When you are told that there is a massive lack of venues and events for older gay men, - and when you offer numerous gay groups designed for older gay men - numerous events, drop ins,. dinner parties, bridge evenings, coffee mornings and more, and have everything refused - then you do wonder why so many of these gay mens groups do not mix together and help each other out. They simply do not. There is no love lost between various groups and organisations and what there does seem is resentment and jealousy.


I gave up trying to work with other groups decades ago as the manner in which most work is far too slow, far too incompetent and far too committee based which relies on volunteers who - all too often - volunteer for the fame, the attention and the me me me more than it is for the betterment of the group / organisation and as long as groups are run by volunteer committees, business drags to a crawl and the few will manage for the many while the many take the praise.


There is no community - NO GAY COMMUNITY - as all there is is a loosely based mixture of groups who have little cohesion to each others group and all seem to want it all for themselves and none work together - plan together - share together - and none have the betterment of the GAY COMMUNITY as a WHOLE - in mind while pretending to be there to support etc. when there is very little of that except maybe for their own members alone.


If you have something bigger, harder, better, then you get resentment.

If you are louder. - You get resentment.

If you are further forward - BOY do you get shouted down

and if you offer something that many say is needed - but it is not their event or their venue, the bitching starts straight away and many MANY MANY MANY good things planned for gay men fail because of those resentful little pricks ruining it all the time and so things get cancelled.

When a group rents a venue and then has to cancel this costs considerable,


Lucky for us, Hamilton Hall is owned outright by myself so no mortgage or rent - so if something is cancelled - it just means a few days off for me - which I absolutely do not mind at all and means I can have some play time for me for a change.

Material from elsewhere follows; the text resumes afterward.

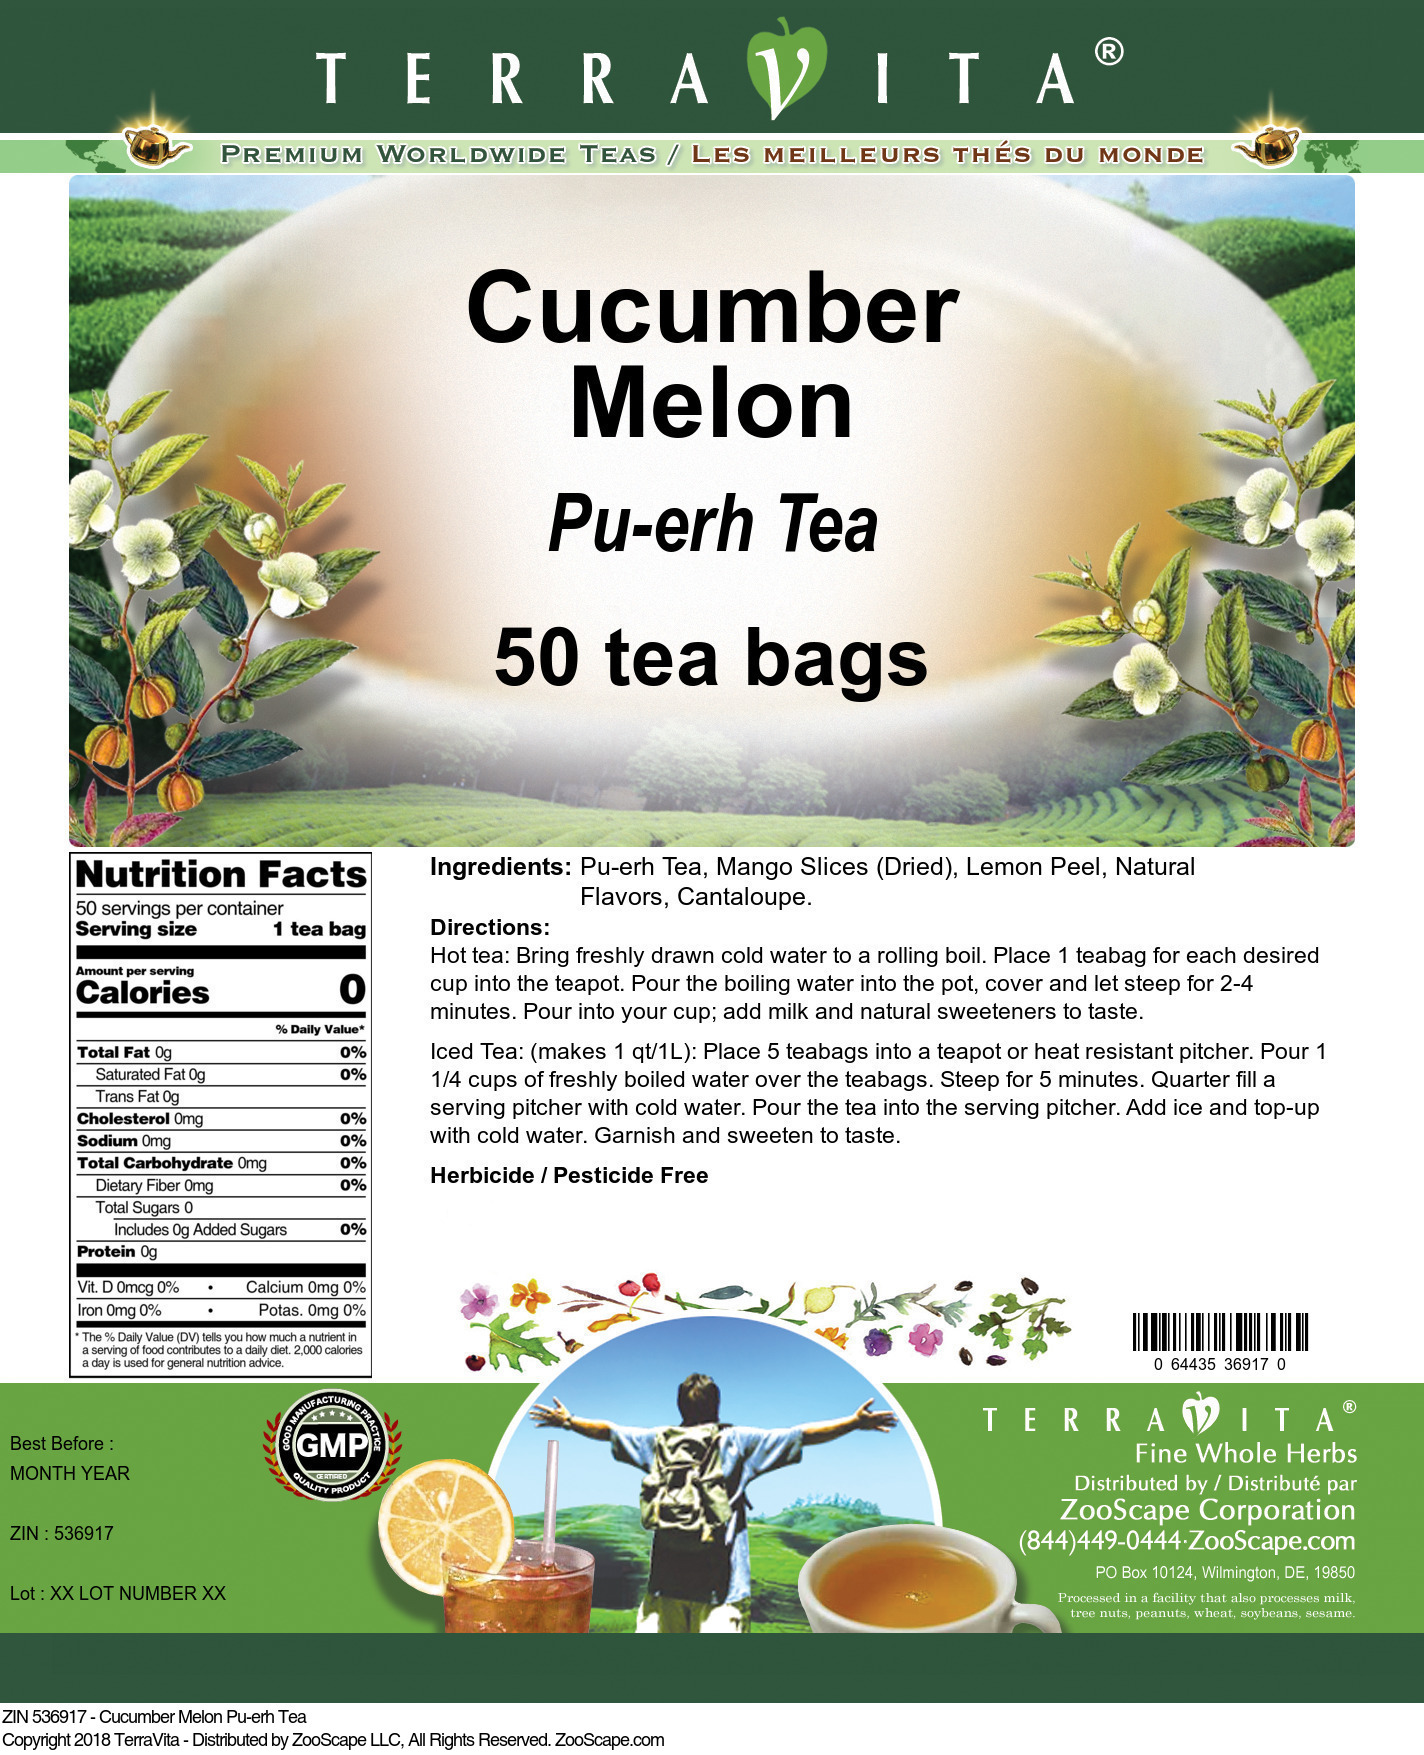 Cucumber Melon Pu-erh Tea

Working 365 days a year - I do not mind the occasional quiet period at all and like recently, Woody and I have been binge watching several things on telly like SENSE8 on Netflix ( I have seen it 4 times already and love watching it with Woody ) and POSE on another satellite system... and it is great to be able to binge watch when we are quiet here as we deserve every minute of it.

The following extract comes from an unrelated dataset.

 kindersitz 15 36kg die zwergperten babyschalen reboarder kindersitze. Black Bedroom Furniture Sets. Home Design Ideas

Yet I still get hate mail from complete strangers, and this is a constant thing, and comes because many envy, many resent.

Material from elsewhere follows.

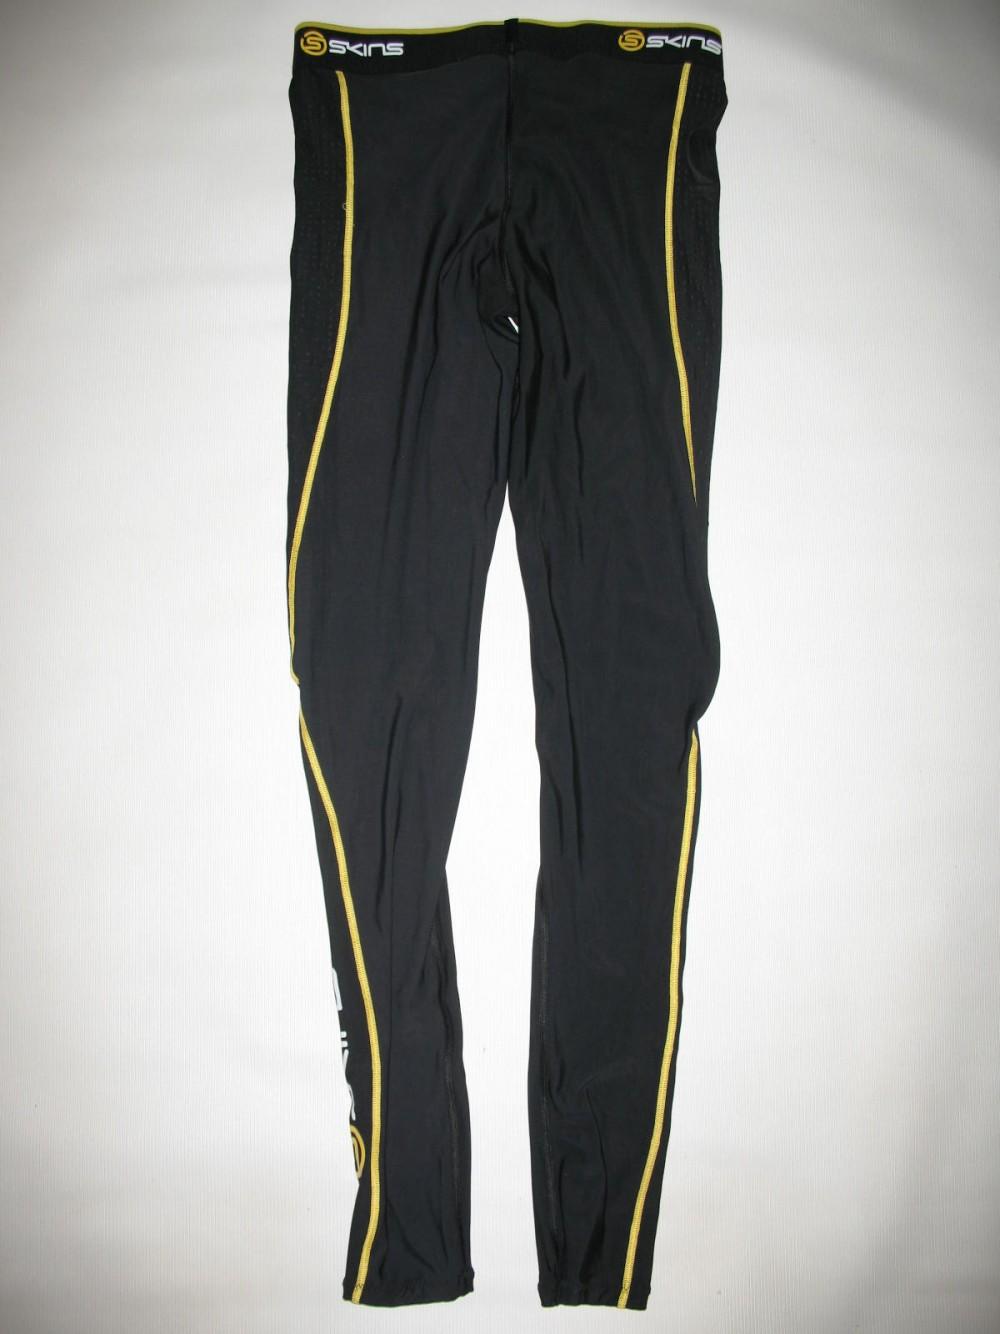 Футболка+брюки SKINS A200  short sleeves jersey+ long tights (размер M) - 5

Dear John: I am tran sexual. Pre Op. I have my beautiful bouncy boobs but am still legally a man as I still have my dick. It'll be some years before I fully become a women.

I read about how you get hate mail, well so do I am most comes from gay men, by post, by e mail and often when I visit gay venues. I cannot believe the animosity that is thrown at me by gay men, who really should know better. Spite filled evil comments from gay men. There simply is nothing to hold our communities together and gay men and lesbians, trans and even bisexuals, really are all from different worlds and as far as most are concerned, there is nothing we hold in common.

Barbara W.


John: I came out 15 years ago after a lengthy marriage and was delighted to meet gay men and join what I assumed would be a supportive environment, but sadly I was wrong. Bitchy back stabbing queens predominate the scene and I absolutely hate that side of the gay world and I cannot understand why these people are so spite filled and hateful towards their own. I found a boyfriend and we rarely go on the ' scene' and we both appreciate what we have in each other and to hell with ' the scene.' We found your web site some time ago and hooray for you John and hooray for Hamilton Hall and after reading for many months - I know how hard it is for you dealing with the gay community. Neil.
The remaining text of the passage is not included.